== TASK OBJECTIVE ==
All of the data should be output character for character, except the pictures.

START DATA SECTION

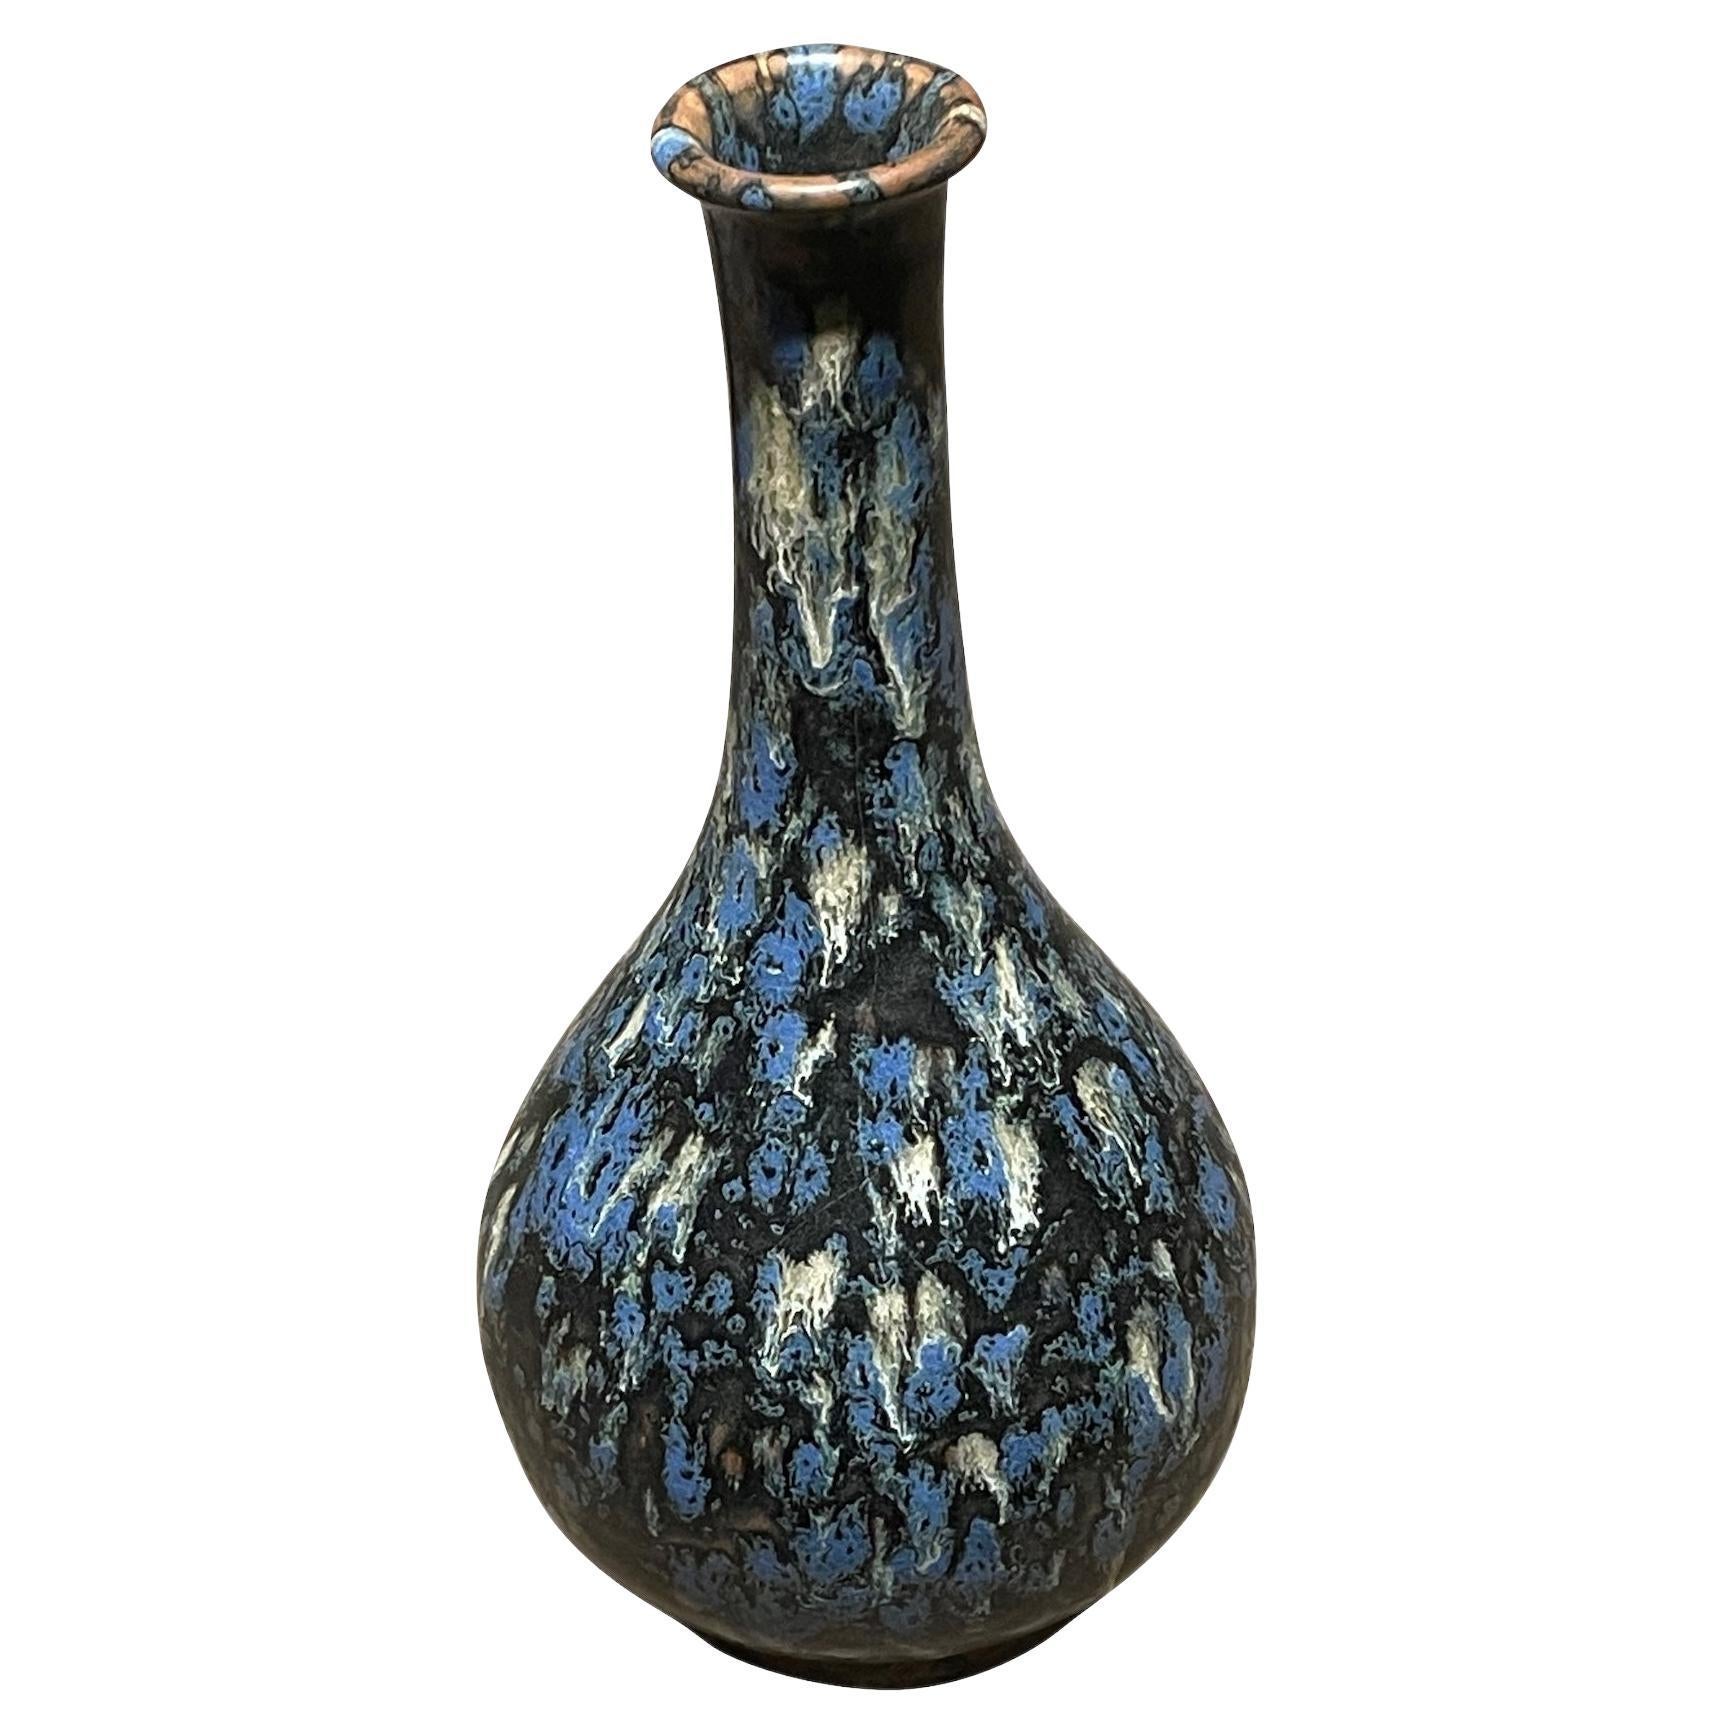 Zeitgenössische chinesische Vase mit dünnem Hals und schwarzer, blauer und weißer Sprenkelglasur.
Eine von mehreren aus einer Sammlung mit ähnlicher Glasur in verschiedenen Formen.
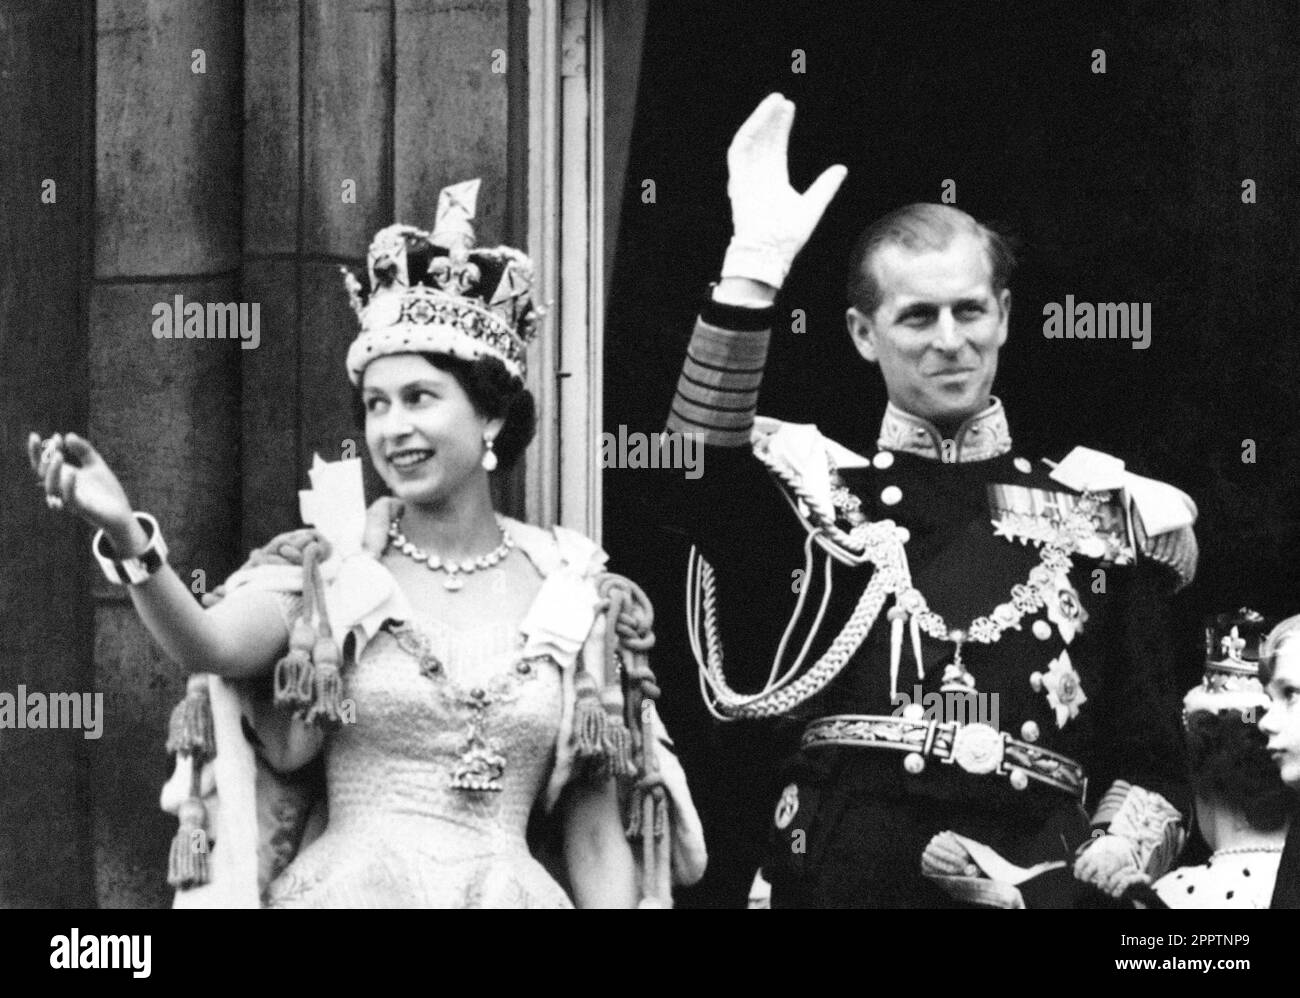 Das Aktenfoto datiert vom 02.06/53, von Königin Elizabeth II., trägt die kaiserliche Staatskrone, und dem Herzog von Edinburgh, gekleidet in Uniform von Admiral der Flotte, winkend vom Balkon zu den zuschauenden Menschenmassen an den Toren des Buckingham Palastes nach der Krönung. Die Krönung von 1953 war in den harten Nachkriegsjahren, in denen Millionen den historischen Tag feierten, ein Motivationsschub. Elizabeth II. Wurde am 2 1953. Juni in einer zutiefst religiösen Zeremonie in Westminster Abbey gekrönt. Ausgabedatum: Dienstag, 25. April 2023. Stockfoto
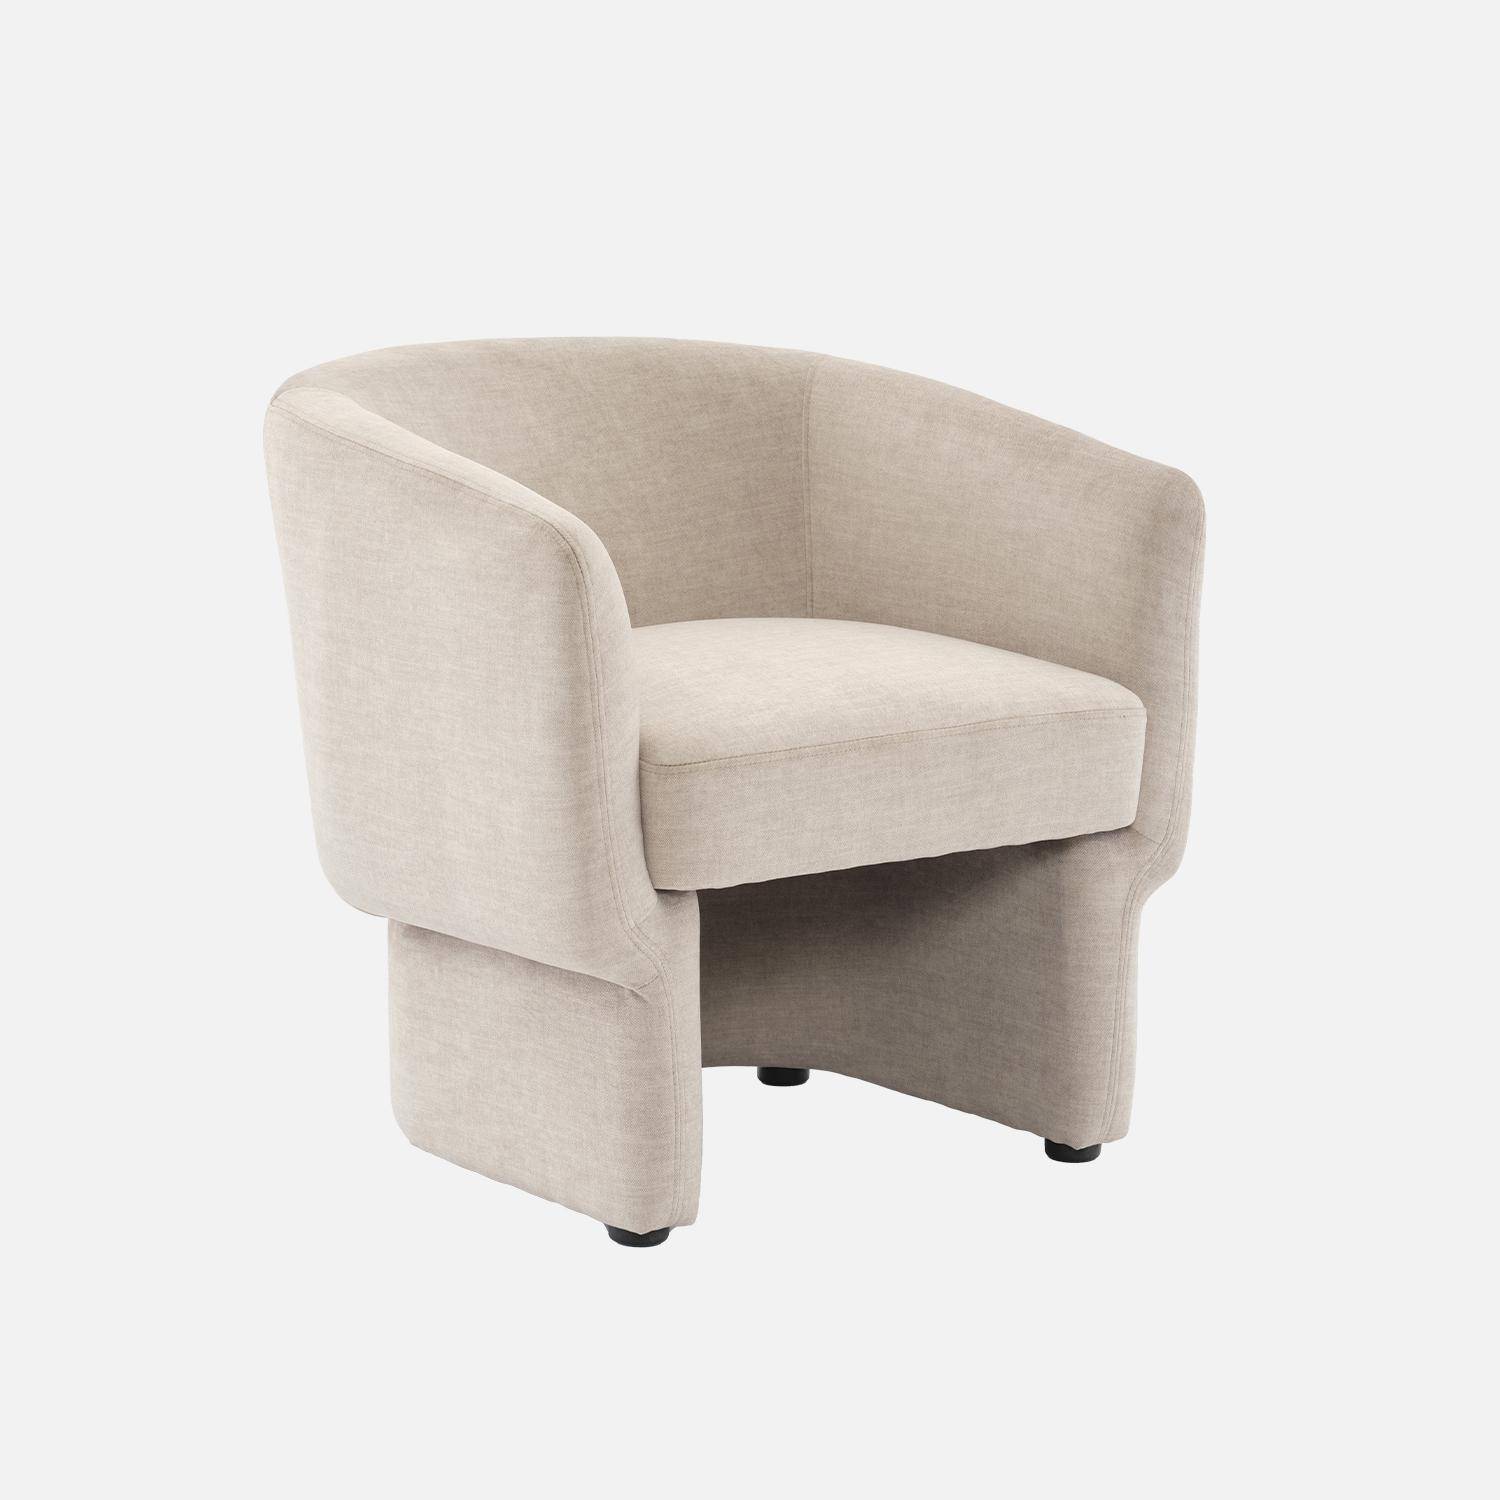 Beige stoffen fauteuil, Dolce, L 70 x P 70 x H 72cm, eucalyptushouten structuur Photo3

END DATA SECTION

== ANSWER TO THIS PROBLEM ==
 Zeitgenössische chinesische Vase mit dünnem Hals und schwarzer, blauer und weißer Sprenkelglasur.
Eine von mehreren aus einer Sammlung mit ähnlicher Glasur in verschiedenen Formen.
 Das Aktenfoto datiert vom 02.06/53, von Königin Elizabeth II., trägt die kaiserliche Staatskrone, und dem Herzog von Edinburgh, gekleidet in Uniform von Admiral der Flotte, winkend vom Balkon zu den zuschauenden Menschenmassen an den Toren des Buckingham Palastes nach der Krönung. Die Krönung von 1953 war in den harten Nachkriegsjahren, in denen Millionen den historischen Tag feierten, ein Motivationsschub. Elizabeth II. Wurde am 2 1953. Juni in einer zutiefst religiösen Zeremonie in Westminster Abbey gekrönt. Ausgabedatum: Dienstag, 25. April 2023. Stockfoto
 Beige stoffen fauteuil, Dolce, L 70 x P 70 x H 72cm, eucalyptushouten structuur Photo3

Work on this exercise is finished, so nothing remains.